A Montreal woman has become the first person in Canada to be convicted of providing family support to a terrorist entity as a spouse. She was sentenced to one day in custody after receiving credit for 110 days she served in pre-trial detention.
Oumaima Chouay, 29, plead guilty to one count of participating in the activities of a terrorist group, namely the Islamic State of Iraq and Syria (ISIS).
An agreed statement of facts filed with the Court of Quebec says Chouay admitted to travelling to Syria nearly a decade ago to join the ranks of ISIS, “knowing that her expected role would include marrying an ISIS fighter and raising children under the ISIS doctrine.”
Chouay is not suspected of having participated directly in terrorist activities or actual combat.
She has also been given three years of probation that prohibits her from having direct or indirect contact with people or groups associated with extremism.
The sentence was part of a joint submission between the Crown and Chouay’s attorney, according to a July 21 release from the Public Prosecution Service of Canada (PPSC).

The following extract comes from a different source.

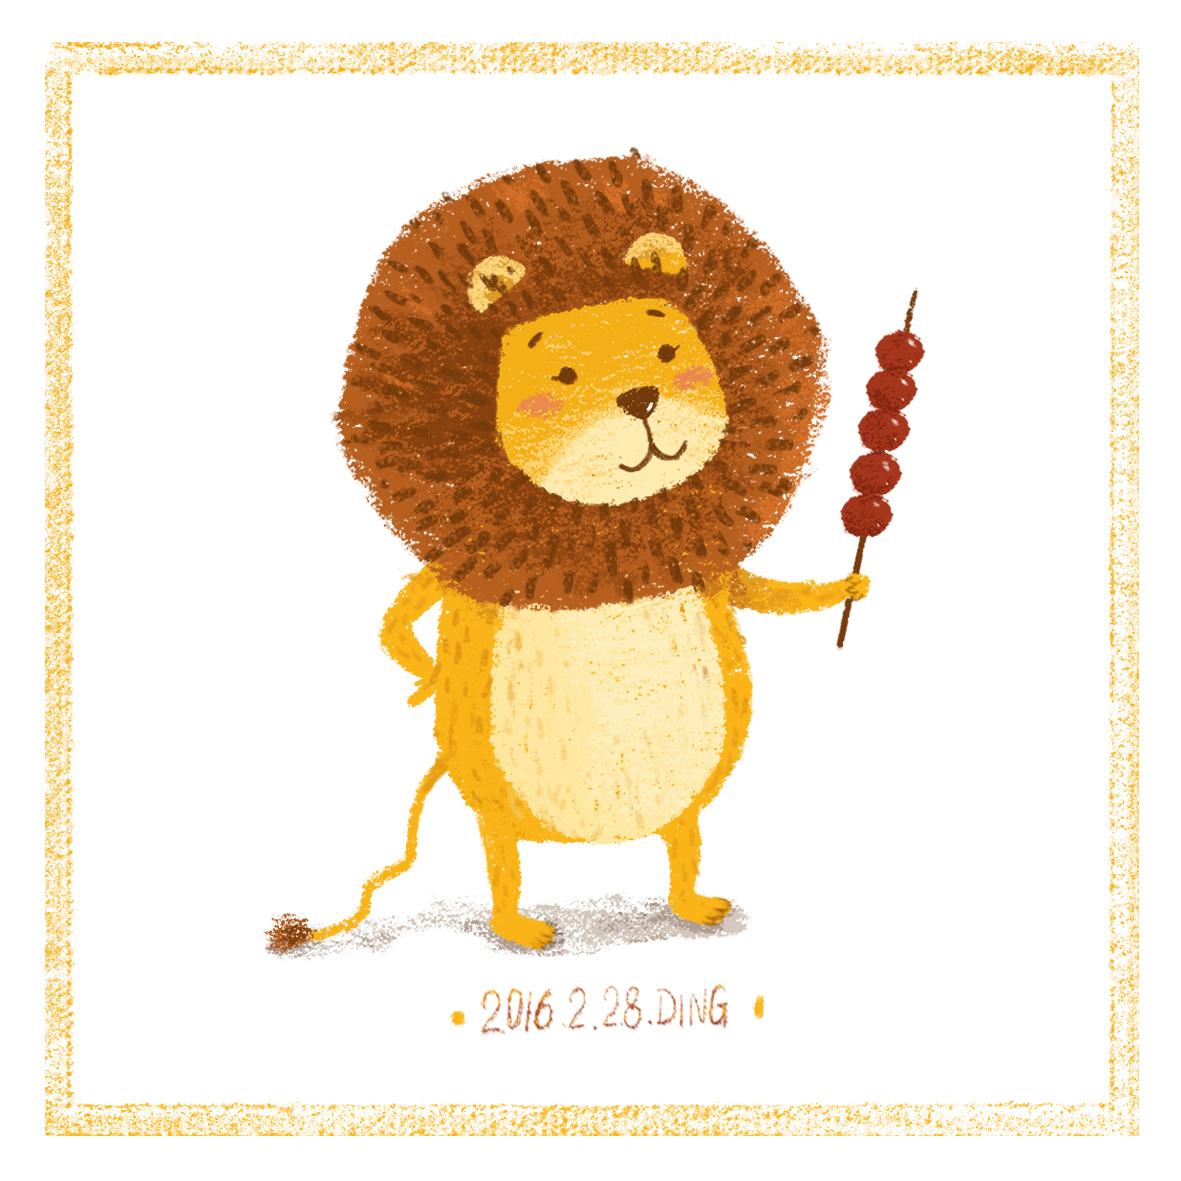 插画每日一图ps电脑手绘小动物2

PPSC director George Dolhai said the decision meets the goal of protecting the community.
“The recommended sentence here takes into consideration the early, ongoing, demonstrated and independently evaluated steps Ms. Chouay has taken to demonstrate remorse, take responsibility, commit to fundamental change and a rejection of extremist ideology,” Dolhai said in a statement.
Chouay has been ordered to continue “depolarization therapy” and psychiatric and psychological experts have deemed her a “very low” risk, the statement says.
Chouay was one of several Canadian women repatriated by Global Affairs in 2022 from two detention camps in northern Syria for the wives and children of ISIS fighters. She was arrested and charged by RCMP at the Montréal-Trudeau airport upon her arrival in Canada on Oct. 25, 2022.
RCMP said she had been under investigation by the National Security Enforcement Team since 2014.
Another Canadian woman, Kimberly Polman, that was repatriated from a camp in Syria had been arrested by Kurdish fighters during a conflict with ISIS in 2019.
The United Nations called on Canada in 2022 to bring Polman home due to her “life threatening illnesses.”
Polman was charged in 2024 with one count of leaving Canada to participate in activity of a terrorist group, and one count of participating in the activities of a terrorist group.
Public Safety Canada notes that Canadian “extremists travellers” present challenges to Canada and its allies. It said that criminal prosecution was the “preferred course of action” to deal with those who have engaged in extremist activity.